Church in Møre og Romsdal, Norway

Sira Church (Sira kyrkje) or Eresfjord Church (Eresfjord kyrkje) is a parish church of the Church of Norway in Molde Municipality in Møre og Romsdal county, Norway. It is located in the village of Eresfjord. It is the church for the Eresfjord parish which is part of the Molde domprosti (arch-deanery) in the Diocese of Møre. The white, wooden church was built in an octagonal design in a neo-Gothic style in 1869 using plans drawn up by the architect Christian H. Grosch.
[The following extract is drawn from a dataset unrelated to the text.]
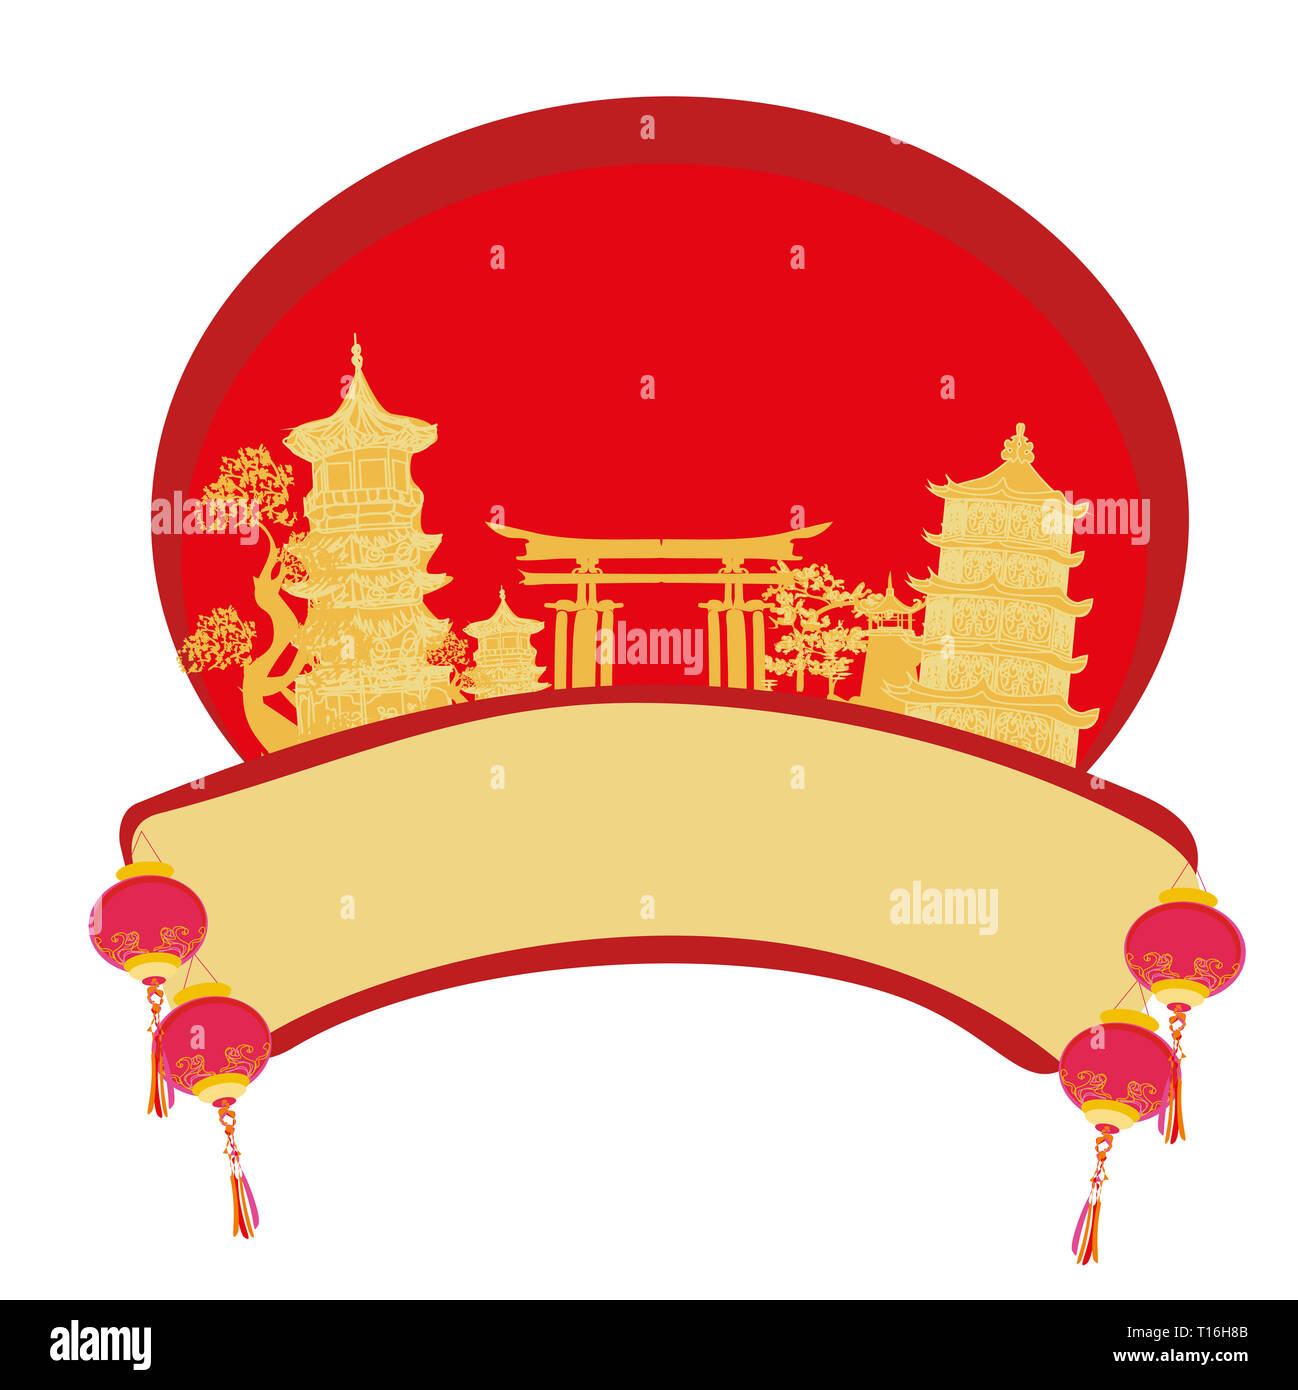 27,042 Chinese Mid Autumn Festival Design Images, Stock Photos & Vectors

The church seats 307 people.

==History==
The earliest existing historical records of the church date back to the year 1426, but the church was not new that year. The first church in Eresfjord was a wooden stave church that was likely constructed in the 14th century. In 1647–1648, the church at Sira was renovated and expanded from a single-nave stave church into a building with a cruciform floor plan by adding two timber-framed transepts to the north and south. In 1651 the church got a new altarpiece, and in 1655 it got a new horizontal siding on the exterior of the building. The cross arms were tarred in 1658. Despite all the work done on the building in the 1650s, the church was still in poor condition, so much of the building walls and roof were reconstructed in 1661.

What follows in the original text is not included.